Methods We assessed antiseizure medication initiation decisions in adults with newly diagnosed epilepsy seen at first seizure clinics in Western Australia between 1999 and 2016 and followed to 2018.

Results Of 610 patients (median age 40 years, 61.0% male), 426 (69.8%) were diagnosed after two or more seizures and 184 (30.2%) after a single seizure with risk factors for recurrence. Treatment was commenced in 427 patients (70.0%) at diagnosis, 112 (18.4%) during follow-up, mostly after further seizures, whereas 71 (11.6%) remained untreated at last follow-up. Elders (>= 65 years, odds ratio [OR] = 3.06, 95% confidence interval [CI]: 1.62-5.80), more seizures (OR = 3.48, 95% CI: 2.03-5.96), and epileptogenic lesions on neuroimaging (OR = 2.15, 95% CI: 1.26-3.68) had a higher likelihood of treatment at diagnosis.
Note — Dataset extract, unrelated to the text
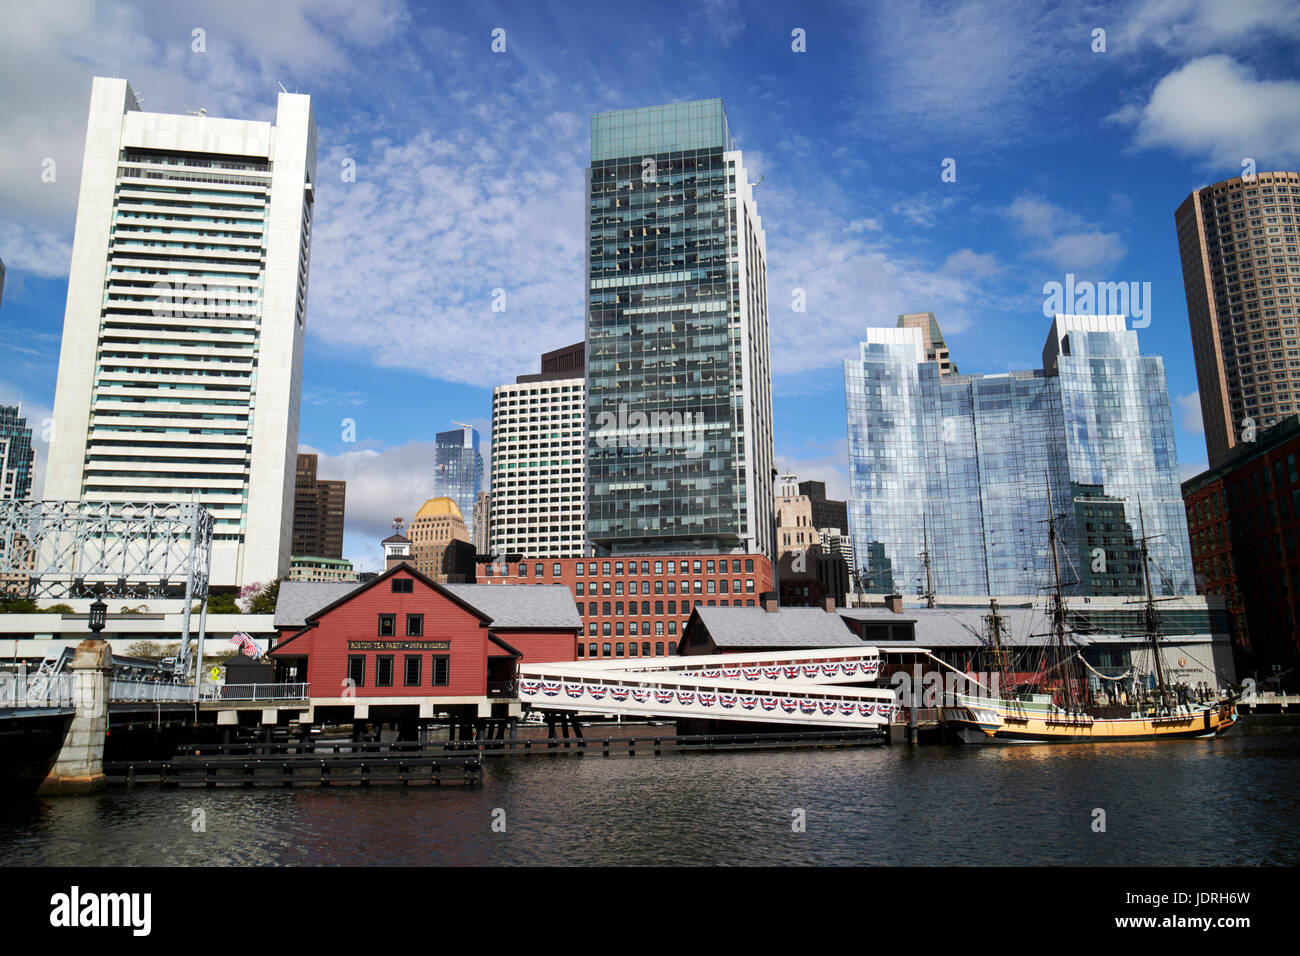 Fort point channel quartier financier et Boston tea party museum skyline cityscape Boston USA Banque D'Images
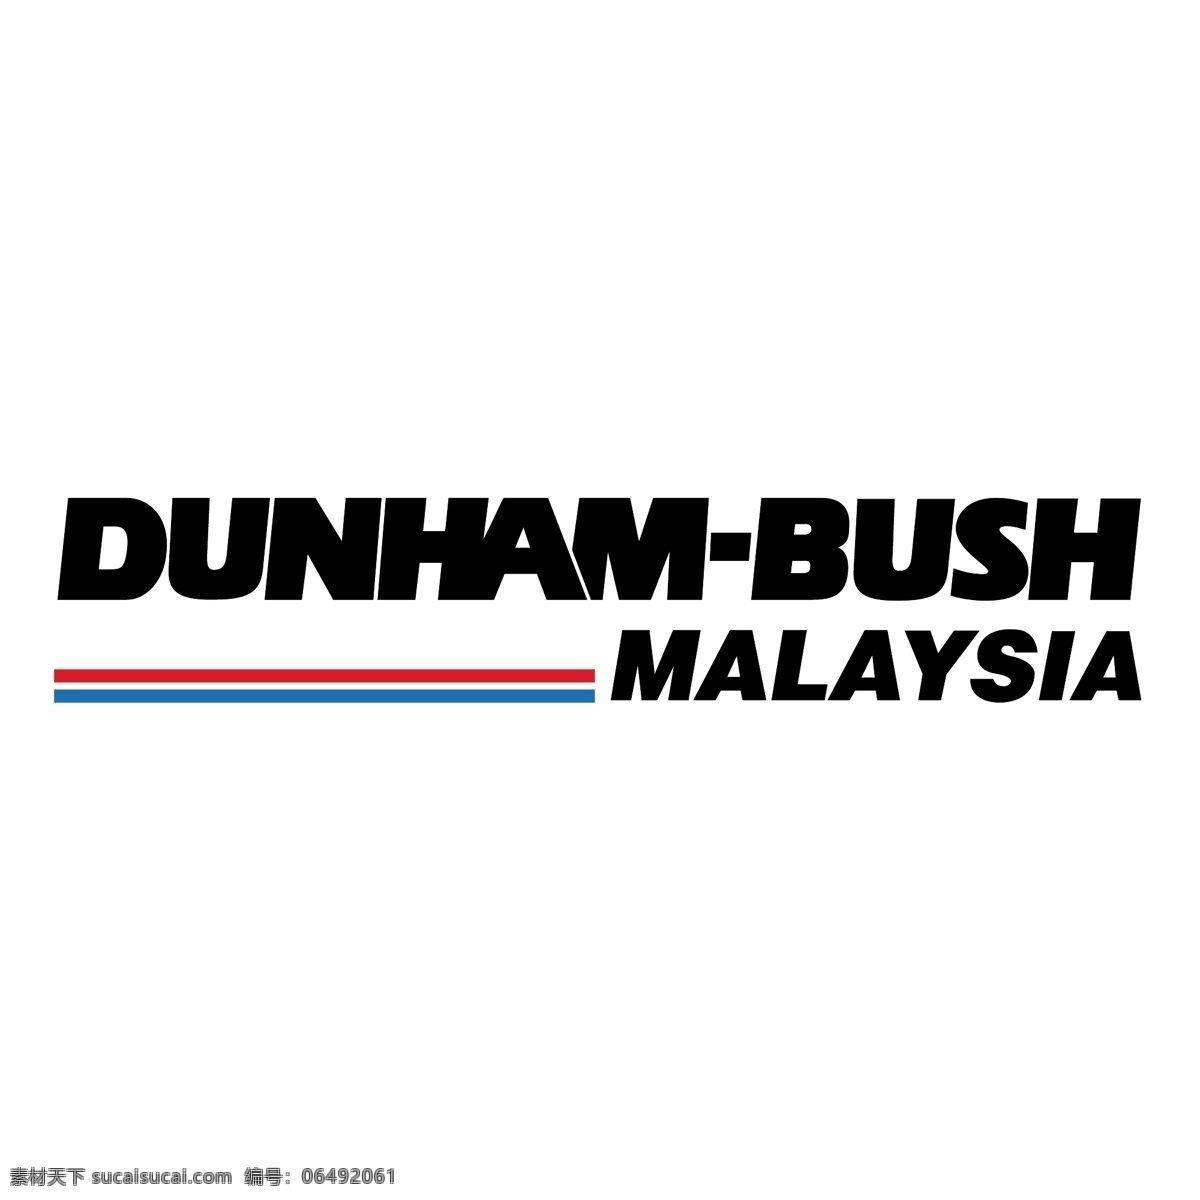 马来西亚 顿 汉 布什 邓纳姆 顿汉布什 矢量顿汉布什 标志 矢量 顿汉布什标志 艺术 自由 布什自由 布什矢量图形 免费矢量布什 布什自由矢量 建筑家居

Patients with less than one seizure per year within the preceding year (OR = 0.40, 95% CI: 0.21-0.73) and of higher socioeconomic status (OR = 0.985, 95% CI: 0.977-0.994) were less likely to be treated. For 93 patients (15.2%), treatment was not recommended at diagnosis, most commonly because only a single seizure had occurred. Ninety patients (14.8%) declined recommended treatment, mostly because they were unconvinced of the need for treatment or the diagnosis.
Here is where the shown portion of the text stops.